- **Data segment**

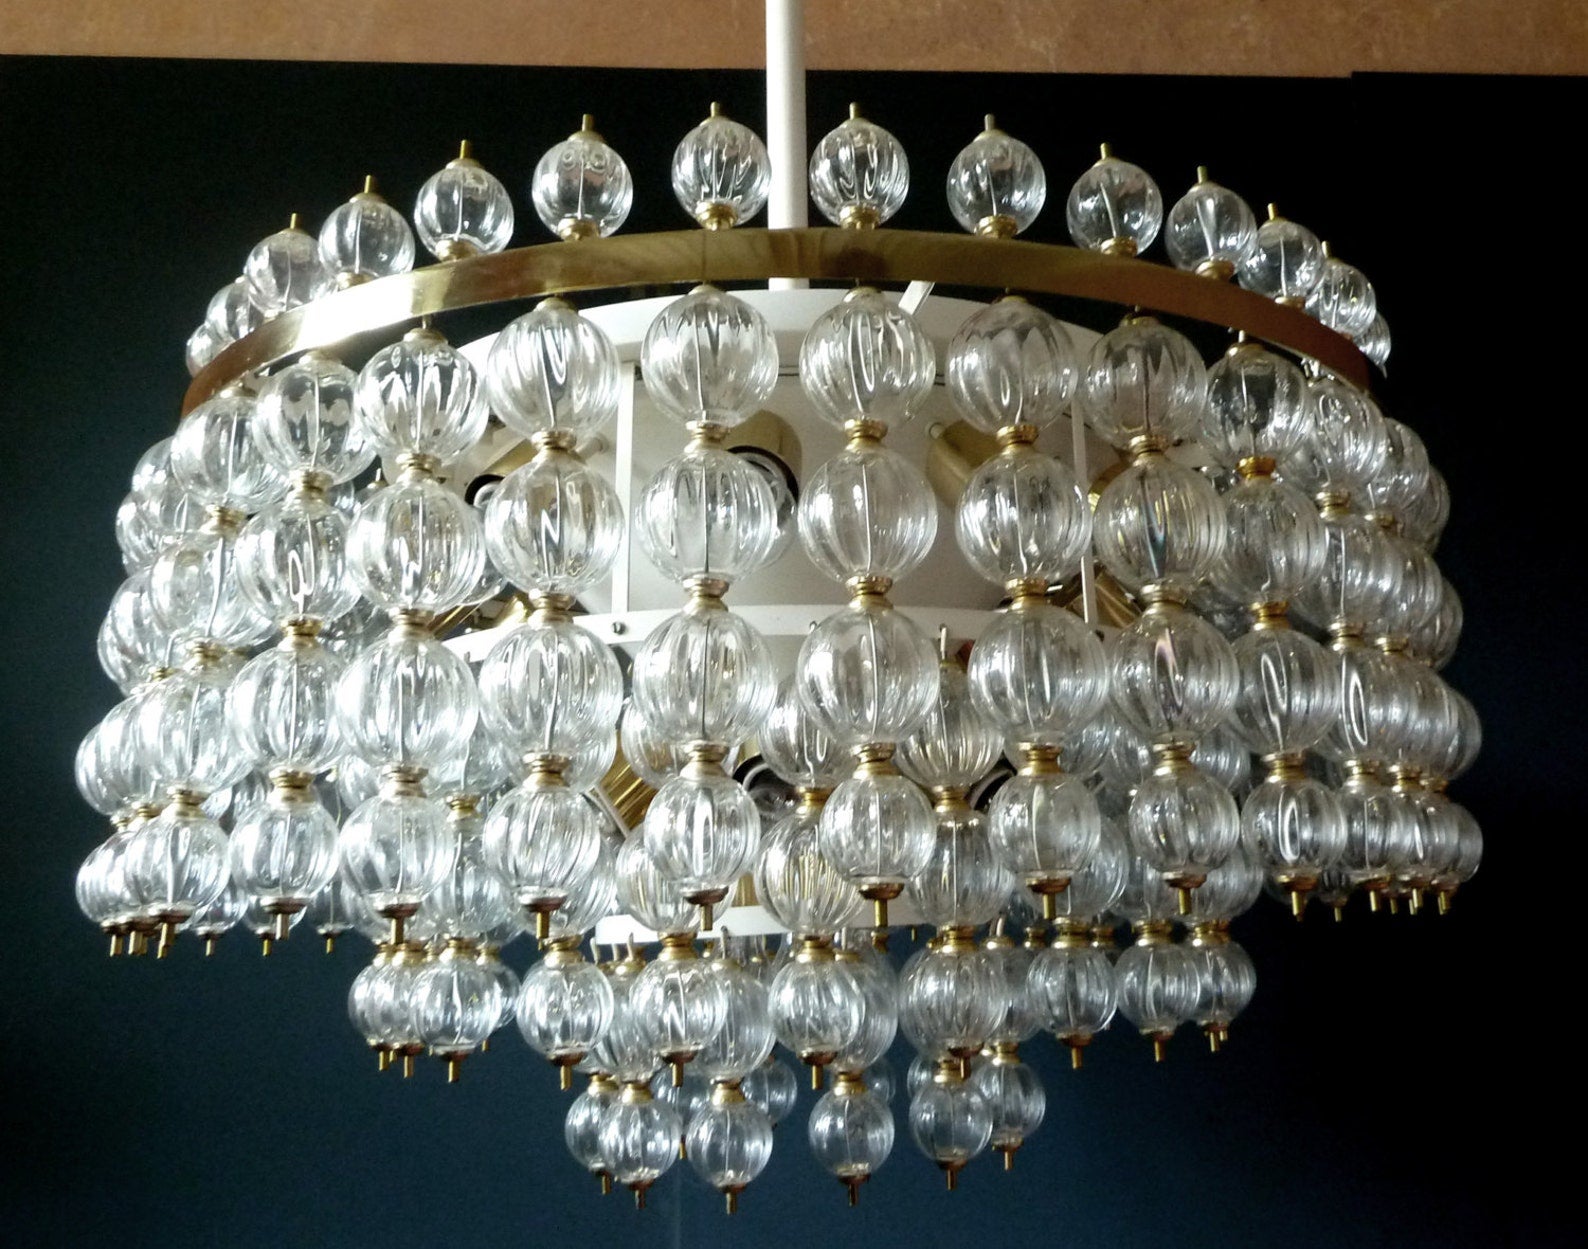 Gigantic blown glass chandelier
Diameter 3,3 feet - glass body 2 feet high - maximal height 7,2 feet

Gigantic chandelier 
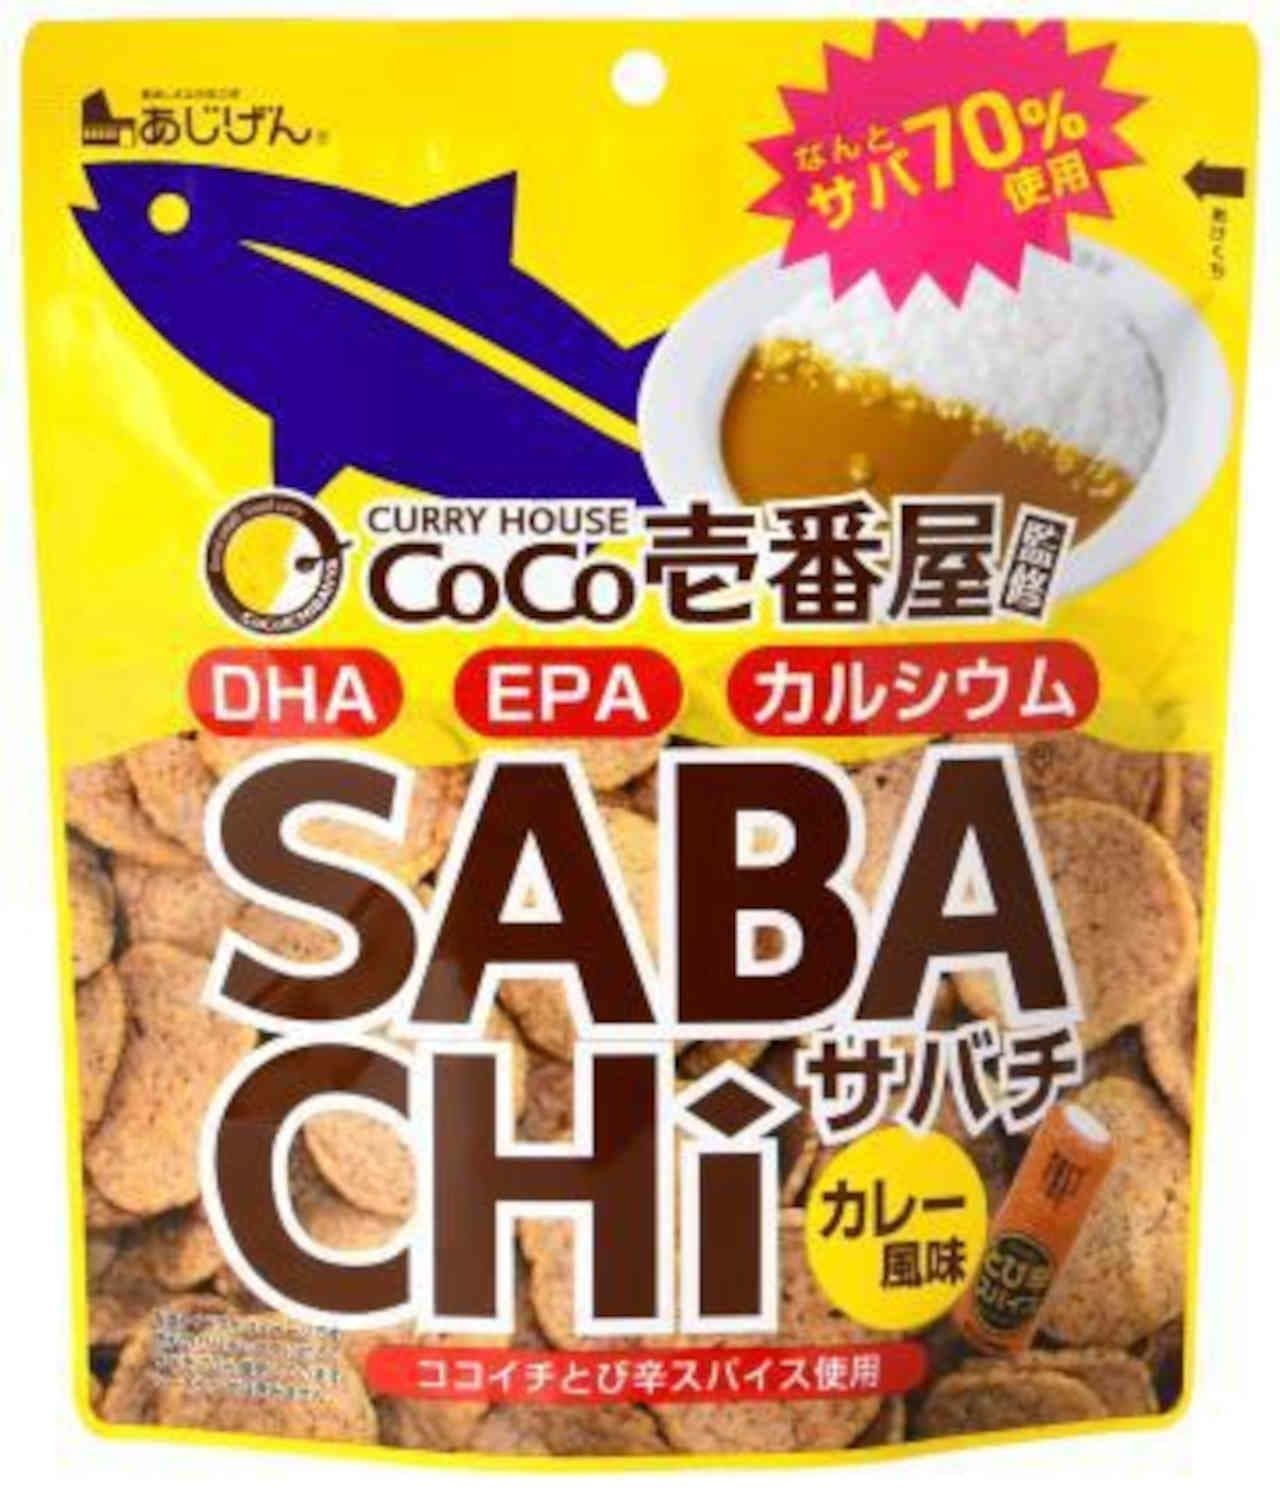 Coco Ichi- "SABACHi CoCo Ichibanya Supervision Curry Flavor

- **Task instructions**
Transcribe exactly the portion of the material above that runs from the line containing "Gigantic chandelier" through its last line, omitting all pictures.

- **Your solution**
Gigantic chandelier 
 Coco Ichi- "SABACHi CoCo Ichibanya Supervision Curry Flavor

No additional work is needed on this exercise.